[Source data]
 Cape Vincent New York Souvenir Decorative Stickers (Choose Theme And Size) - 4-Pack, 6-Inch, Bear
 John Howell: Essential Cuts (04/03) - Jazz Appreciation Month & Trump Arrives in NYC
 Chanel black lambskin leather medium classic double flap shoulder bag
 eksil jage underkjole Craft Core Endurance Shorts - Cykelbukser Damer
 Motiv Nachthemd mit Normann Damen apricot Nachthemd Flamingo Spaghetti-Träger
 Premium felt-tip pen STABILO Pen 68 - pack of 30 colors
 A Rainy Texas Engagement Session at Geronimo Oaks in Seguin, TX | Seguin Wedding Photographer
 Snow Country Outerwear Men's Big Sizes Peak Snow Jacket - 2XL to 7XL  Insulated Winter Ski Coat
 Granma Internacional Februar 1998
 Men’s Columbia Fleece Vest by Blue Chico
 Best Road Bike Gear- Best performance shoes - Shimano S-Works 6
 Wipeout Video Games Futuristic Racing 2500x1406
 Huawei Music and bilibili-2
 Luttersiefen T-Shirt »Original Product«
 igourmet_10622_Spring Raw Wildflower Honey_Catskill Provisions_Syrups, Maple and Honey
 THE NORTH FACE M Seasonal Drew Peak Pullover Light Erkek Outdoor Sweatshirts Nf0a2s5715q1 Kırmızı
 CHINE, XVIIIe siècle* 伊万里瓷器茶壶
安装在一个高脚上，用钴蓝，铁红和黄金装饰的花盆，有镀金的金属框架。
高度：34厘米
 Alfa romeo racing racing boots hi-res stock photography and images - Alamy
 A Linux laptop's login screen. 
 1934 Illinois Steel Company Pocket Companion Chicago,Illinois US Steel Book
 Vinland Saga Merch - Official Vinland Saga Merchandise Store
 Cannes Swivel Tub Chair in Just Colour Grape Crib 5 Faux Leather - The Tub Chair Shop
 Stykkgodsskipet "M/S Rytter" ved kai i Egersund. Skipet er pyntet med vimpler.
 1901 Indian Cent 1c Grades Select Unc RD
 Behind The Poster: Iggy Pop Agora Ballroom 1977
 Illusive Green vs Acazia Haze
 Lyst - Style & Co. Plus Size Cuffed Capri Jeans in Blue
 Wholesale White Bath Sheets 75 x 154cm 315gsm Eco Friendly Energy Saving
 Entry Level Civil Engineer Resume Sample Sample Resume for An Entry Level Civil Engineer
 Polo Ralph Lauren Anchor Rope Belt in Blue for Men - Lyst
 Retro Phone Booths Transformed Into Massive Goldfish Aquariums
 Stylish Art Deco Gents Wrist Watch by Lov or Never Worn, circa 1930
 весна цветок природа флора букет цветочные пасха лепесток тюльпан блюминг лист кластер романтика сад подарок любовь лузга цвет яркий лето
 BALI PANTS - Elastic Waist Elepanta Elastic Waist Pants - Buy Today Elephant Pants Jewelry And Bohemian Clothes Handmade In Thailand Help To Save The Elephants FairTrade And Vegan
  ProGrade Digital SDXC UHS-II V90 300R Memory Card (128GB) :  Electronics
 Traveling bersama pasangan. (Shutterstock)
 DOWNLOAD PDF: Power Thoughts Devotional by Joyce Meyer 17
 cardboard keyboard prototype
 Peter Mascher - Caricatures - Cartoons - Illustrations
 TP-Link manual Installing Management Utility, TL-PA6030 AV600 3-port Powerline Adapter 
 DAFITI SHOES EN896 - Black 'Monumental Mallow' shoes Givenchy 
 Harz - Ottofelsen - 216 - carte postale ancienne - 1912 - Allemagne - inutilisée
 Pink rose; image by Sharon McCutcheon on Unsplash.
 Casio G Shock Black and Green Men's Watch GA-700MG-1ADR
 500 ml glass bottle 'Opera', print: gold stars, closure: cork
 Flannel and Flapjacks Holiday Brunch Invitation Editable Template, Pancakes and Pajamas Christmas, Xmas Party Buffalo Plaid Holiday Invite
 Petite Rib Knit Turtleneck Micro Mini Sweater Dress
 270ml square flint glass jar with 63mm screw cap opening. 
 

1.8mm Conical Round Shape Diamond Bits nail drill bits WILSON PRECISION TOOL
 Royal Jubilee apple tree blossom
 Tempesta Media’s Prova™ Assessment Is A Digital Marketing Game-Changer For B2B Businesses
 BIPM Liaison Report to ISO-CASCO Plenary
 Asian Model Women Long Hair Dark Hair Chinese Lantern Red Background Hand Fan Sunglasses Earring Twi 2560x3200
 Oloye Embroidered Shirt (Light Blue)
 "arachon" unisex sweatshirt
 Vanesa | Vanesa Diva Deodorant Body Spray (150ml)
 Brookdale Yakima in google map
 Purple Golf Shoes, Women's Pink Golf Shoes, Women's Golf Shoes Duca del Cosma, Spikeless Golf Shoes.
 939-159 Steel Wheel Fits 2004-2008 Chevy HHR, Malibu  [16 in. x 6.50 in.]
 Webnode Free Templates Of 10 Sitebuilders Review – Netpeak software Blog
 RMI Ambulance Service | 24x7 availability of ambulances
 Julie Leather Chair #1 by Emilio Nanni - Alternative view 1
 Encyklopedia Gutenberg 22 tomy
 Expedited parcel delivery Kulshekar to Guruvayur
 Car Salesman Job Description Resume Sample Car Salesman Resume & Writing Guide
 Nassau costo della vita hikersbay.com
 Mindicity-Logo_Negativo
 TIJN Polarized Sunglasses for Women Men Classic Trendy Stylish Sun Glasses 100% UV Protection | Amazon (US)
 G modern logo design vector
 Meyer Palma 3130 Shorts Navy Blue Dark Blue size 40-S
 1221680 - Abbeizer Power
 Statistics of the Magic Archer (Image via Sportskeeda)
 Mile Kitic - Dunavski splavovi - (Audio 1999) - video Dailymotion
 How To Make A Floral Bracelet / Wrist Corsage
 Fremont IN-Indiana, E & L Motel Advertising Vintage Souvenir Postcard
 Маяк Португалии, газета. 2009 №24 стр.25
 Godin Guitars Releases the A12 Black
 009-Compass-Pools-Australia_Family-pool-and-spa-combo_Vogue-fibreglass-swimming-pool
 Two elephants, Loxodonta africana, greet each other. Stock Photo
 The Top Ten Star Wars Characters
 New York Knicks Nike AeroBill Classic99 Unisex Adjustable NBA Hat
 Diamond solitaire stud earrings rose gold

§ **WORK REQUEST**
In the records above, find the line with "Wholesale White Bath"; write out exactly that line and each one after it, stopping after the line with "Polo Ralph Lauren".

§ **SOLUTION TO THIS EXERCISE**
 Wholesale White Bath Sheets 75 x 154cm 315gsm Eco Friendly Energy Saving
 Entry Level Civil Engineer Resume Sample Sample Resume for An Entry Level Civil Engineer
 Polo Ralph Lauren Anchor Rope Belt in Blue for Men - Lyst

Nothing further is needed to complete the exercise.